Total population | |
---|---|
6 to 8 millions descendants (based on population in 1950)[1] | |
Regions with significant populations | |
Iraq | 85,000 (6 million descendants in Governorate of Meysan, Basra and Dhi Qar regions of Mesopotamian Marsh) |
Iran | 120,000 (1.6 million with descendants in Khuzestani Marshland and Iraqi refugees)[1] |
Languages | |
South Mesopotamian Arabic | |
Religion | |
Predominantly Twelver Shia Islam[2] |
The Marsh Arabs (Arabic: عرب الأهوار ʻArab al-Ahwār "Arabs of the Marshlands"), also referred to as Ahwaris, the Maʻdān (Arabic: معدان "dweller in the plains") or Shroog[3] (Mesopotamian Arabic: شروگ "those from the east")—the latter two often considered derogatory in the present day—are Arab inhabitants of the Mesopotamian marshlands in the modern-day south Iraq, as well as in the Hawizeh Marshes straddling the Iraq-Iran border.[4]
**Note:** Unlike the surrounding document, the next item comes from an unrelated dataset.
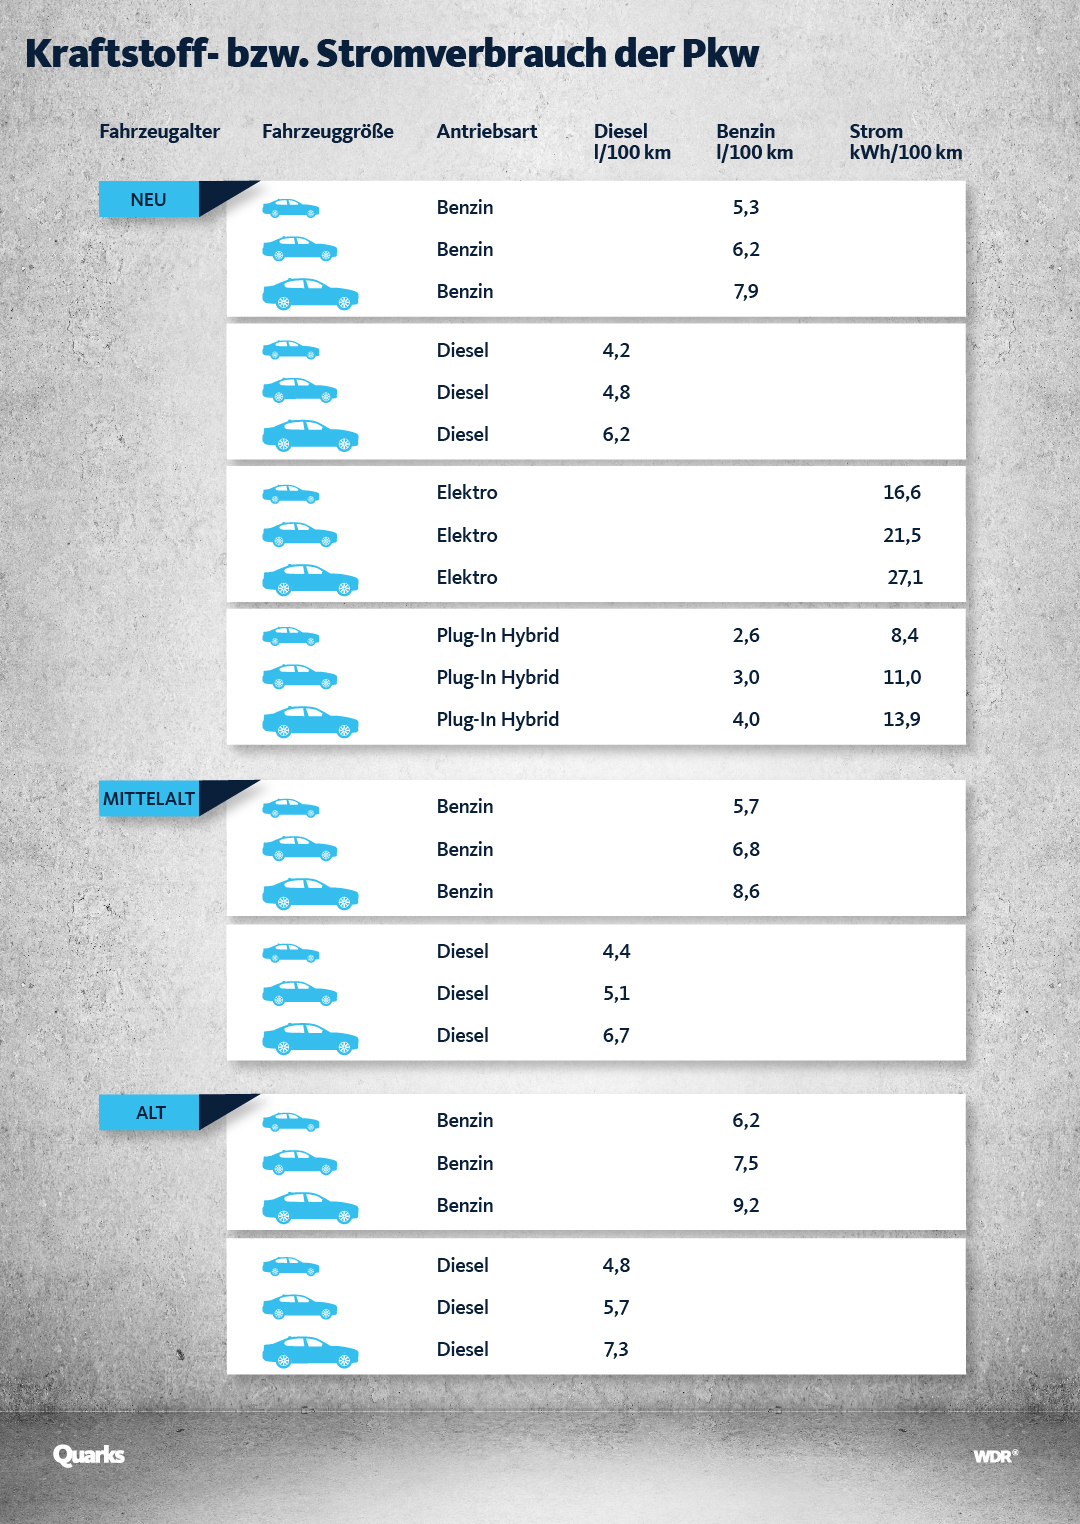 Table with consumption for different car sizes.

Comprising members of many different tribes and tribal confederations, such as the Āl Bū Muḥammad, Ferayghāt, Shaghanbah, Ahwaris had developed a culture centered on the marshes' natural resources and unique from other Arabs. Many of the marshes' inhabitants were displaced when the wetlands were drained during and after the 1991 uprisings in Iraq. The draining of the marshes caused a significant decline in bioproductivity; following the 2003 invasion of Iraq and the overthrow of the Saddam Hussein regime, water flow to the marshes was restored and the ecosystem has begun to recover.[5]